From 2018 to 2022, the hydrogen production method involved in Topic 8 was hydrogen production via water electrolysis. The current mainstream water electrolysis technologies include alkaline water electrolyzers [92], proton-exchange membrane water electrolyzers [93], and solid-oxide water electrolyzers [94]. The catalysts for hydrogen production by water electrolysis are precious-metal catalysts, molybdenum-series catalysts, nickel-based catalysts, high-entropy alloys, Pt-based catalysts, nanoparticle composite materials, etc. They aim to improve electrocatalytic and hydrogen productive efficiency and promote industrial applications. Topic 8 includes hydrogen production methods, including formaldehyde, methane, formic acid, acetic acid, ammonia, sodium borohydride, and other industrial-byproduct hydrogen production methods. The catalysts involved include metal-based catalysts, nanocatalysts, etc. Their primary purpose is to improve catalytic activity and cyclic stability.
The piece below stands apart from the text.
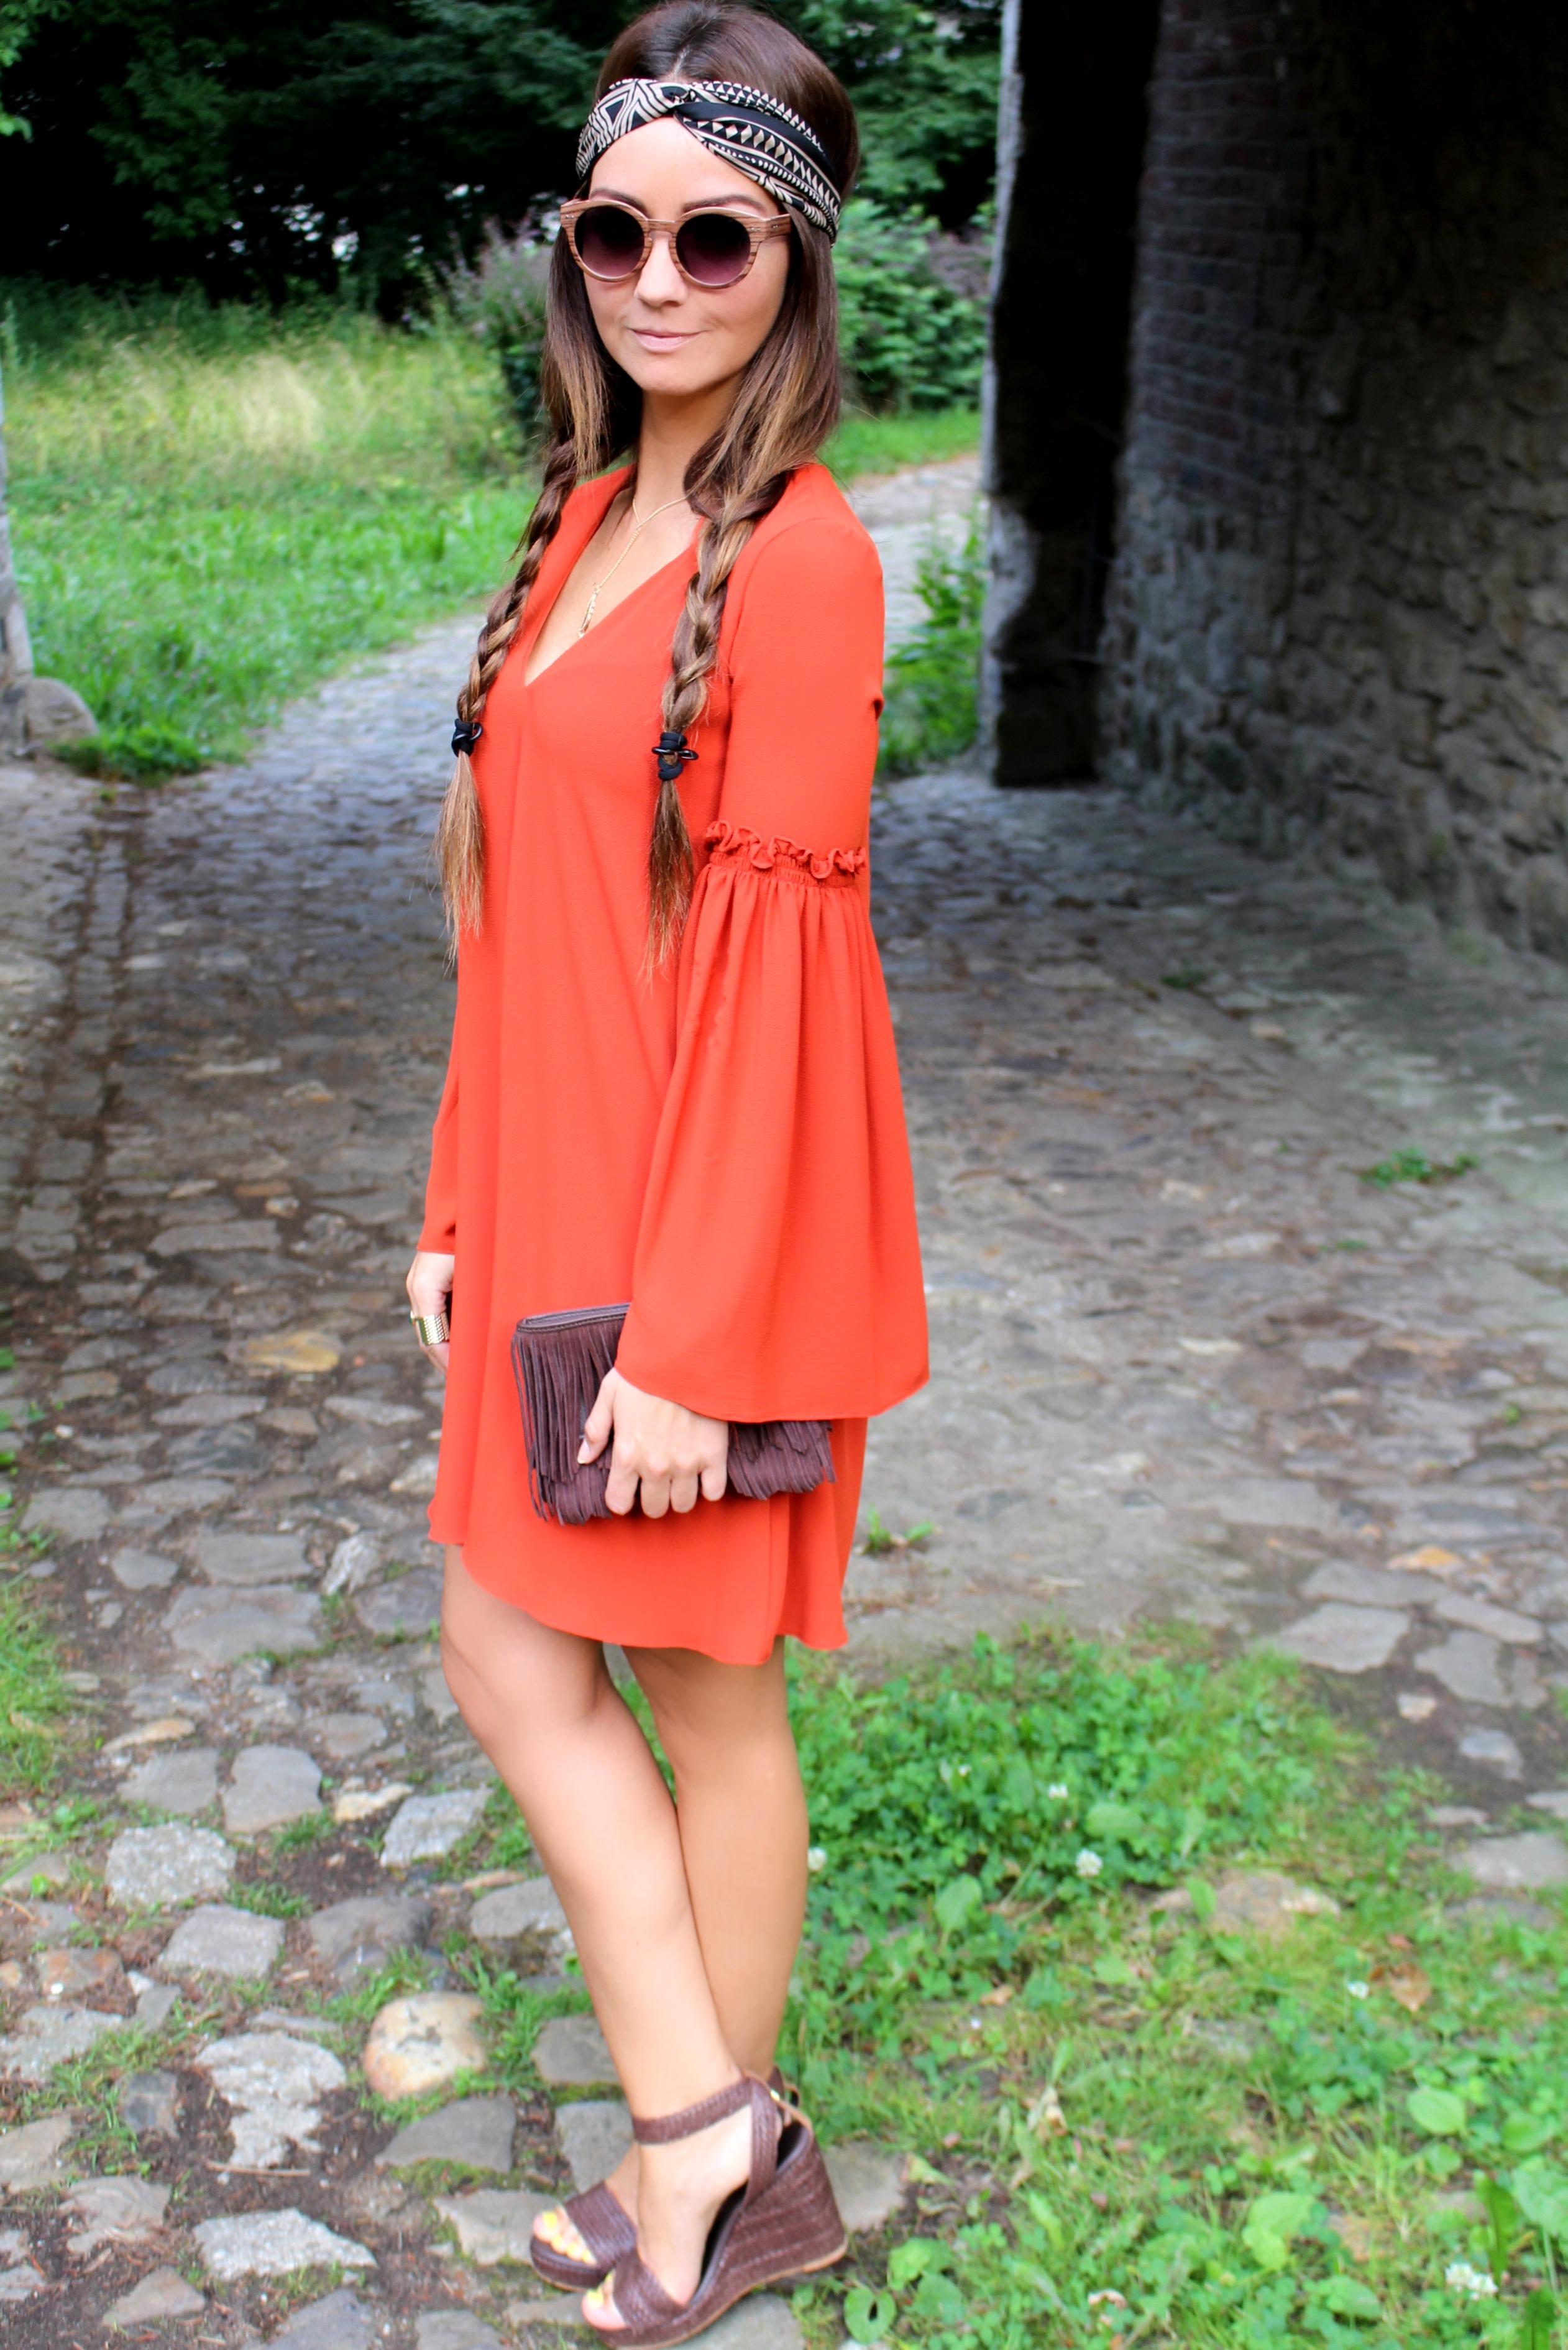 Fashioncircuz by Jenny img_0400a HIPPIEGIRL IN RED

In addition, this topic describes a small number of fossil energy reforming hydrogen production technologies and biomass hydrogen production technologies. Topic 12 includes electrolytic cells, proton exchange membranes, catalysts, electrodes, water electrolysis hydrogen production systems, and other related technologies for electrolyzing water to produce hydrogen. Electrolysis is a process that uses electricity to split water into hydrogen and oxygen. The size range of electrolytic cells is wide. Electrolysis hydrogen production from water is suitable for production ranging from small household appliances to large-scale facilities connected to renewable energy. From 2008 to 2022, this topic focused on improving the efficiency and stability of the hydrogen evolution reaction to reduce the cost of hydrogen production.
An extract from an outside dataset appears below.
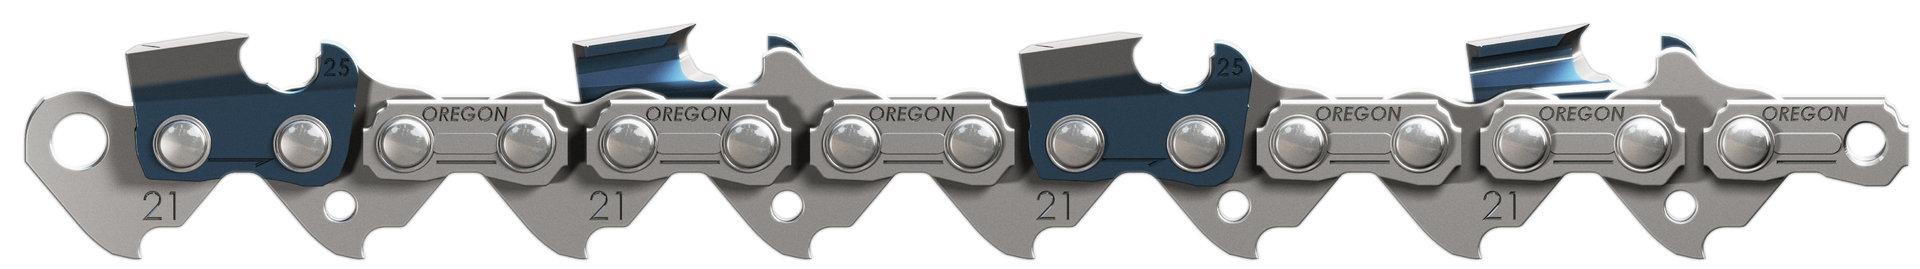 "3 Stück OREGON Sägeketten MICRO-LITE 3//8/"" 1,1 mm 52 TG 90PX052E"

Photocatalytic hydrogen production uses the current generated by the light absorbed by the semiconductor material to decompose water, thereby producing hydrogen and oxygen. Initially, photocatalytic hydrogen production used TiO2 as a catalyst. So far, various substances and their derivatives have been found to exhibit this performance. According to elemental composition, they can be divided into elemental photocatalysts, metal-oxide photocatalysts, metal–carbon–nitrogen photocatalysts, chemical photocatalysts, metal–organic-framework-compound photocatalysts, covalent-organic-framework compound photocatalysts, and graphite-phase carbon-nitride photocatalysts. As photocatalytic hydrogen production uses solar energy to provide energy for water splitting and is environmentally friendly, Topic 17 has received widespread attention from researchers in the field of hydrogen energy.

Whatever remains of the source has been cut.